The body of this prophecy is a detailed description of what true repentance might look like.  He calls the people to a fast – not to starving in the midst of a famine, but to setting aside the food they do have, for a time, and showing the depth of the sincerity of their repentance.  He calls for people of every age - he mentions the elders and he names the nursing babes.  He summons them to set aside their daily routines and the seemingly important things of their lives to return to their God, calling even the bridegroom from his wedding preparations, and the bride from her bridal chamber to come out and humble themselves and repent, and call upon the Lord for mercy.

For us, the call would be the same: set aside the ordinary business of life and repent!  He might focus on other things, on jobs or on trips to visit family or go to the doctor.  He would call us from our favorite activities, from any of the dozens of things that crowd our lives and slowly squeeze time for Bible study and prayer out of our days.  He would call us to gather and repent, that we, too, might see days of blessings and abundance again.

Except, our relationship with God is not a national covenant, and we ought not to be dealing with God for merely external goods.  We have an abundance, like almost no other time in history.  Oh, sure, a couple of years ago, the economy was clicking along, and people were more optimistic and people were enjoying their blessings.  Except they were not giving thanks as they surely ought to.  And they were taking the abundance for granted, as permission to accumulate toys and fancy clothes, and to take long trips and such-like.  Most didn't receive the blessings in order to serve the Lord more fully, or to help our less fortunate brother out.  We took it as a personal treat to be spent on our own pleasures.  We lived like kings – better than most kings in human history – and dreamed that it would go on for the rest of our lives.
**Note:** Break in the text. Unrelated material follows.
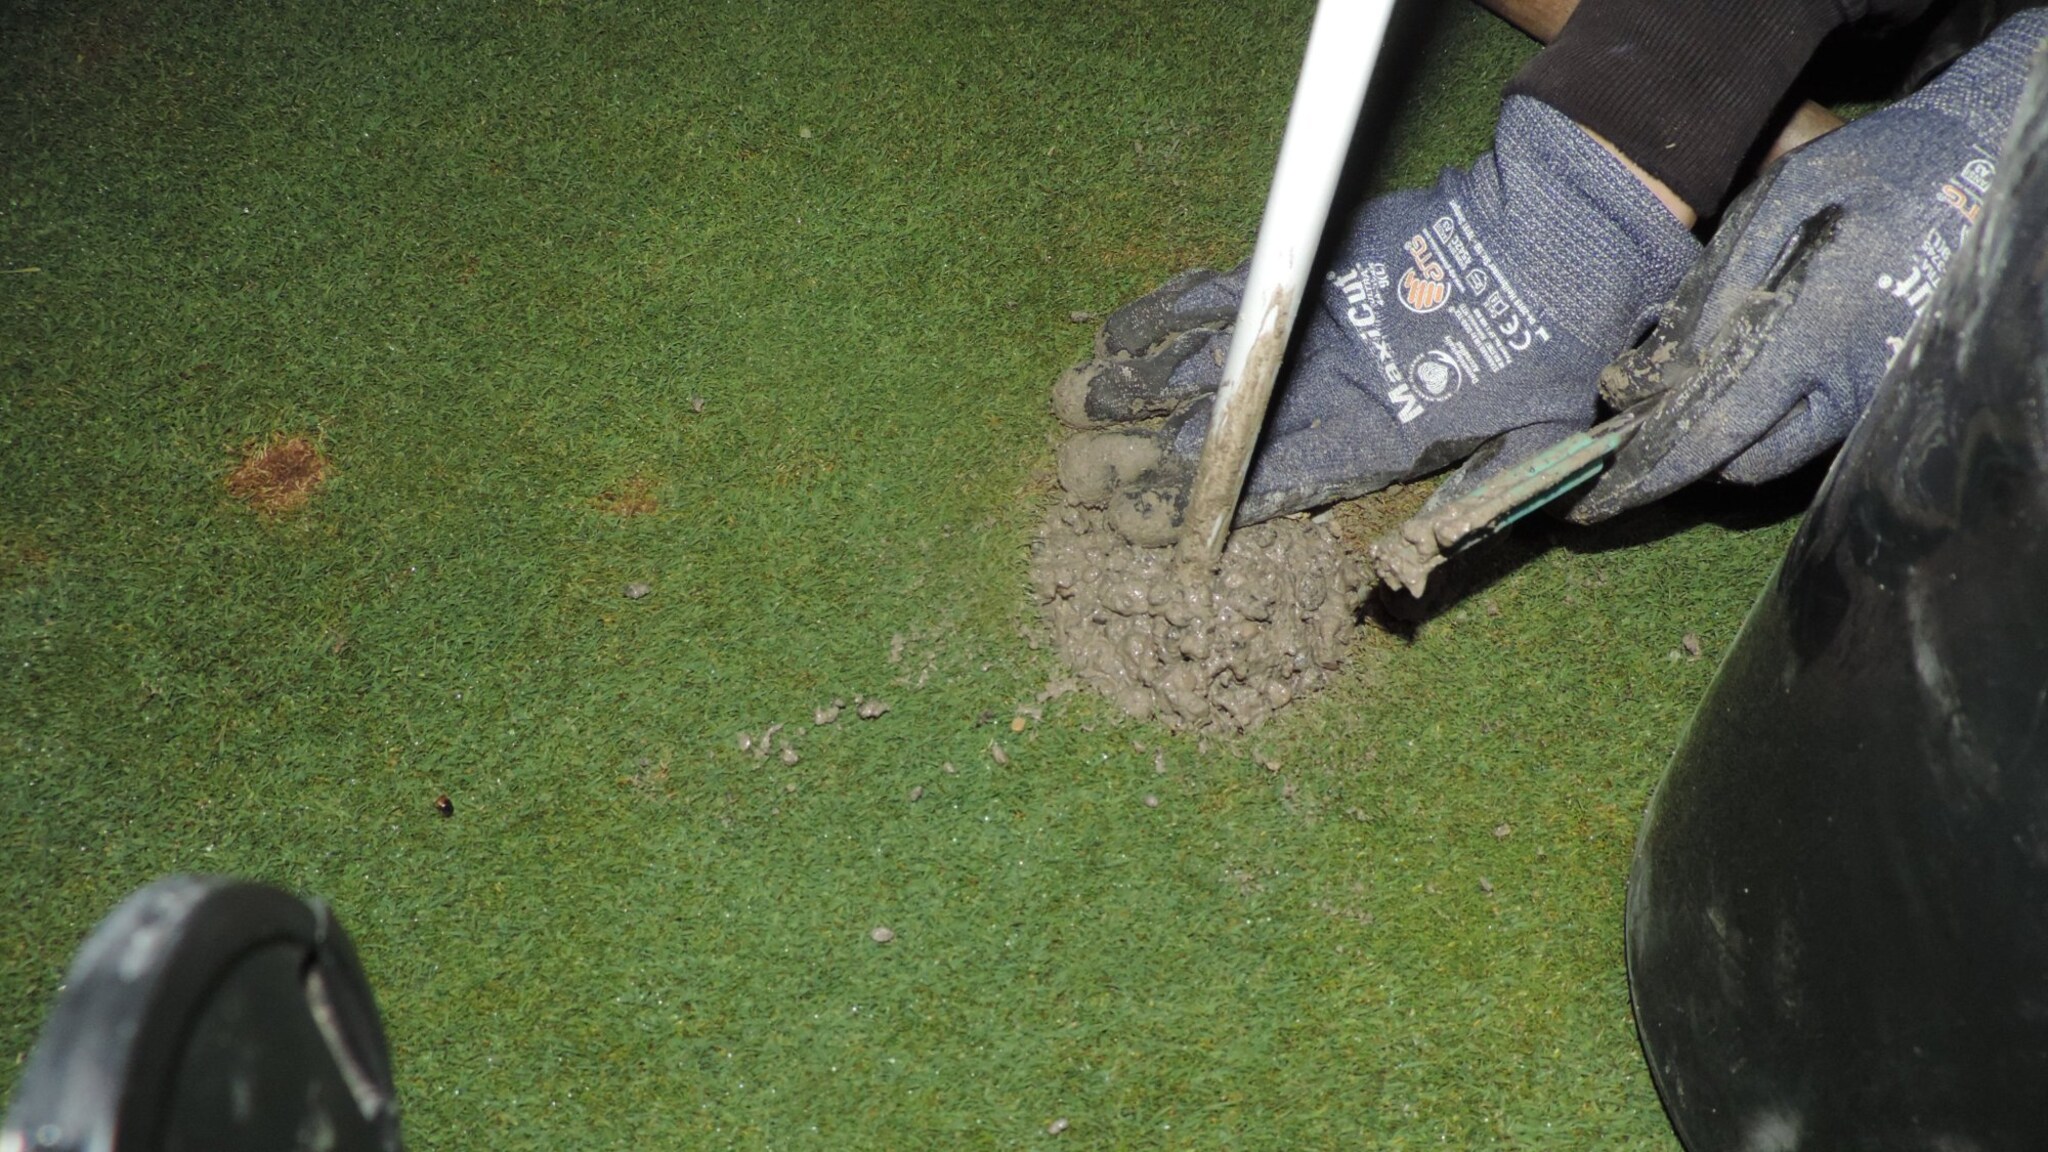 Golf clubs could continue to spray in France: Climate activists fill holes with cement

Today things look spooky.  The economy is tanking.  Consumer confidence is down, inflation is getting worse, and gloom is dominating the national psyche.  For most of us, things haven't really changed - except our mood.  But we need to be aware that we depend on God's blessings, or else things can go really bad really fast.  Just as He did through Joel, God calls us to repent.  We need to set aside the ordinary things of life, and take time to confess our sins and sincerely ask God for forgiveness and blessing.

Chief of all the blessings we need is faith.  We need to remember the One who was prophesied, the One who was wounded for our transgressions and bruised for our iniquities.  He bore our sins on the cross to rescue us, not from a bad economy or from the gloomy prospects of the future of America, but from our sins and from the condemnation we have so richly deserved.  We don't have to wait and wonder, as did the people of the time of Joel, to see if God will turn and bless us.  He has done it already!  He has forgiven us by the death and resurrection of Jesus, and has filled us with the hope of resurrection from our graves and of life everlasting with Him in glory.
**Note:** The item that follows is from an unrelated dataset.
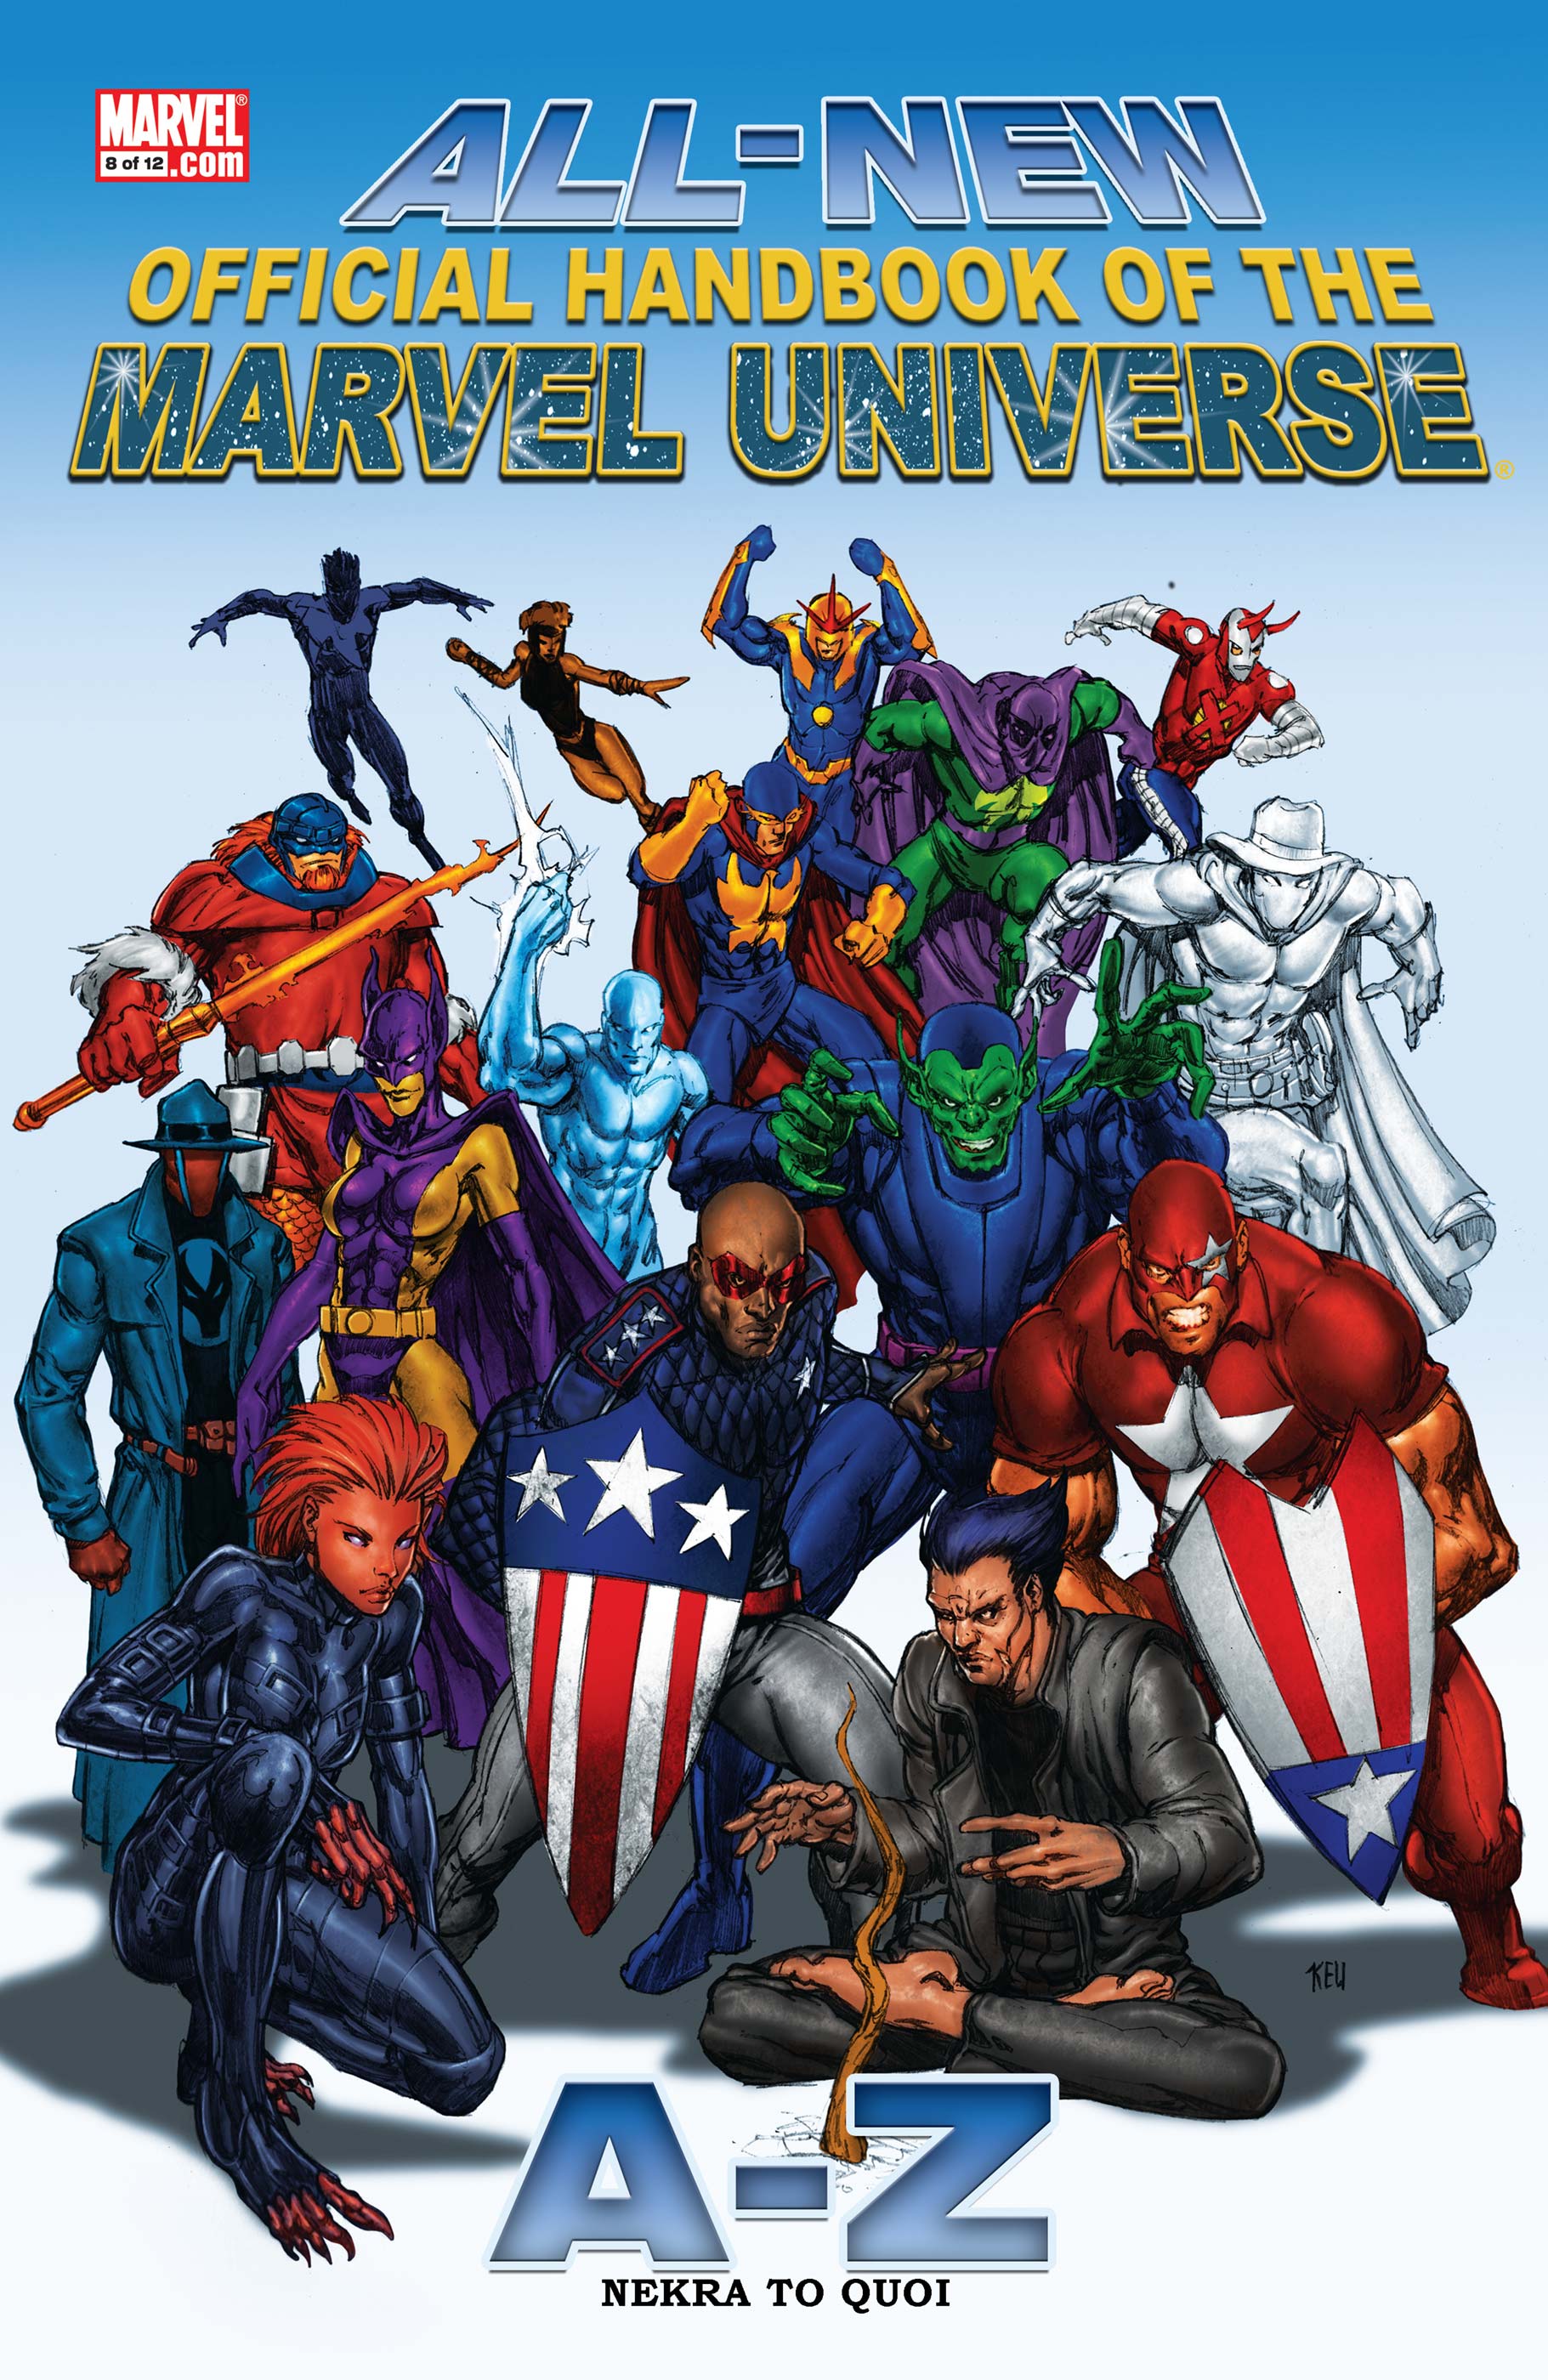 All-New Official Handbook of the Marvel Universe A to Z (2006) #8

Whether the economy rebounds or continues to sink, we have the final and ultimate questions answered already.  Perhaps God will raise up again the good life and we shall celebrate abundance in this life again, but even if He does not, we can celebrate forgiveness, life, and salvation!  As Job declared, "Behold, how happy is the man whom God reproves, So do not despise the discipline of the Almighty.  For He inflicts pain, and gives relief; He wounds, and His hands also heal."

We are a wounded people, in need of the wounded Savior.  The difference between us and Him, however is that our wounds are self-inflicted, and although He bore them willingly, His wounds are ours – Surely He hath borne our griefs and carried our sorrows.
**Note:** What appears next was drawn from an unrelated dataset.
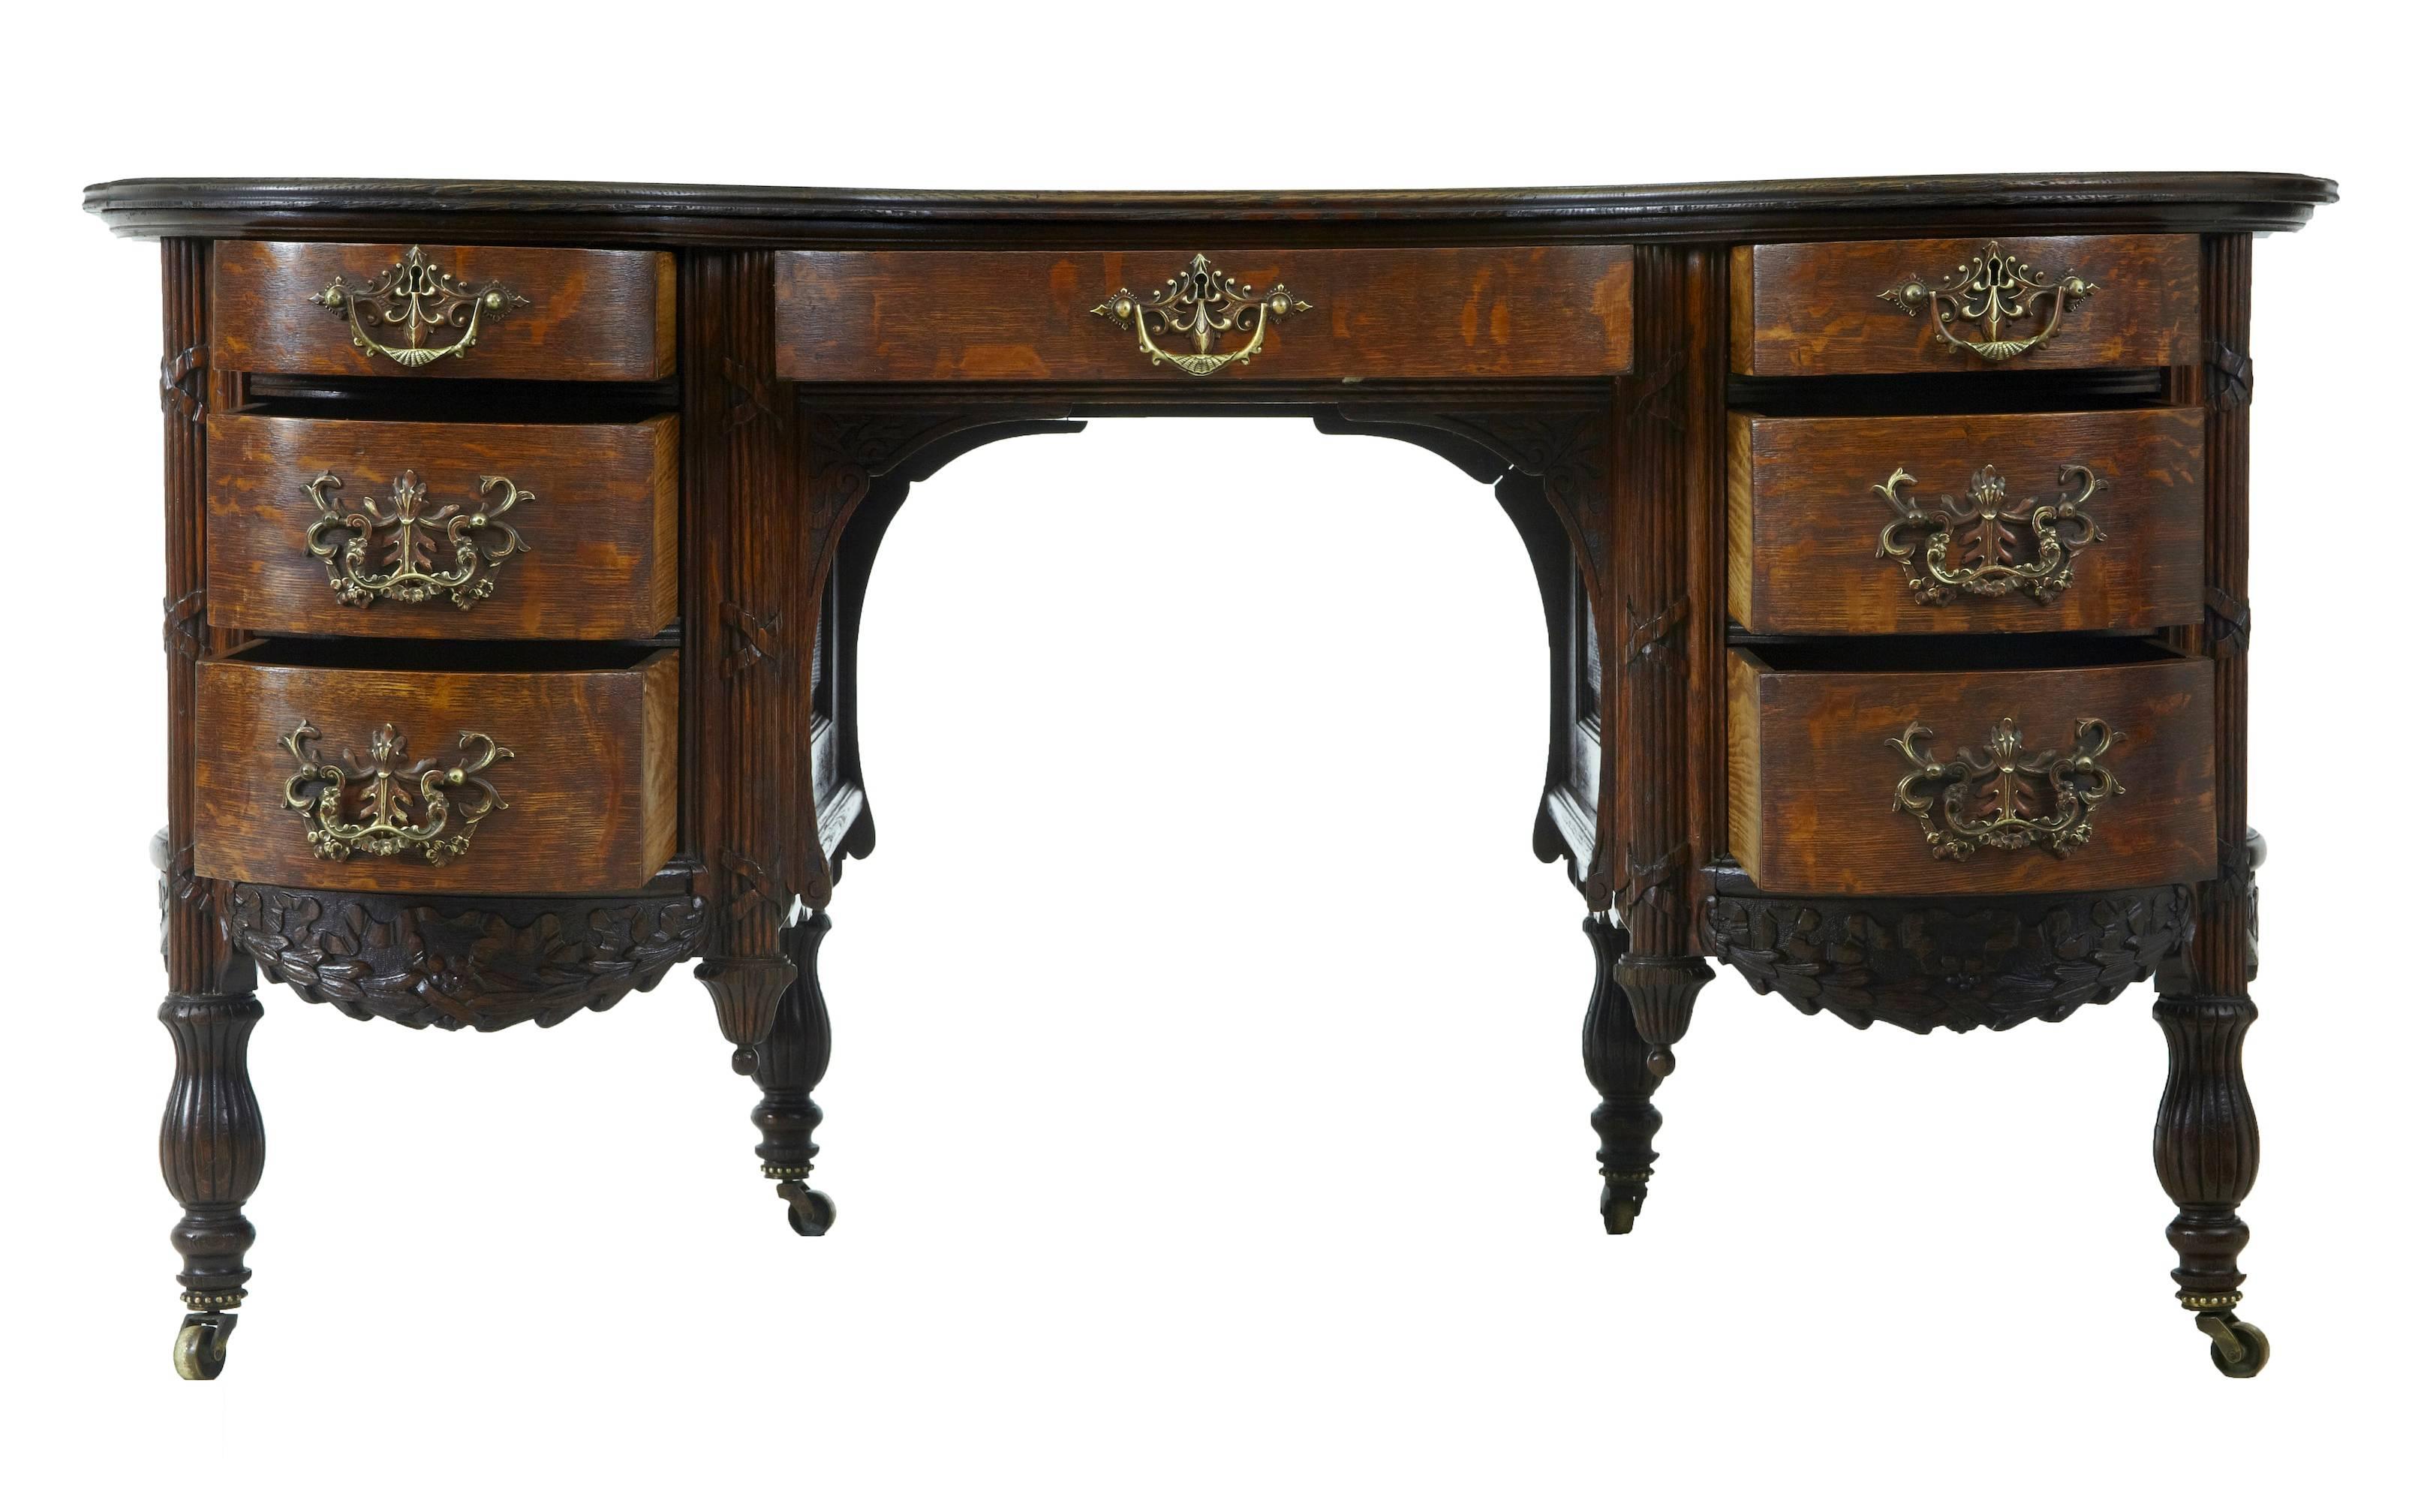 Carved oak kidney shaped desk, circa 1895.
Oak writing surface with burr, below which a central drawer over the knee hole, complimented either side by graduating drawers with ornate brass handles.
Standing on four fluted legs with brass

The hope of the people in Joel's time was that God would return prosperity and abundance to them.  Our hope is that He will sustain us in faith, forgive us our sins, and count us worthy for Christ's sake to be His holy people and serve Him here in time and there in eternity.  We know that He returned to bless them back then, and we can be confident that He will bless us now, for Christ's sake.

In the Name of the Father, and of the Son, and of the Holy Ghost.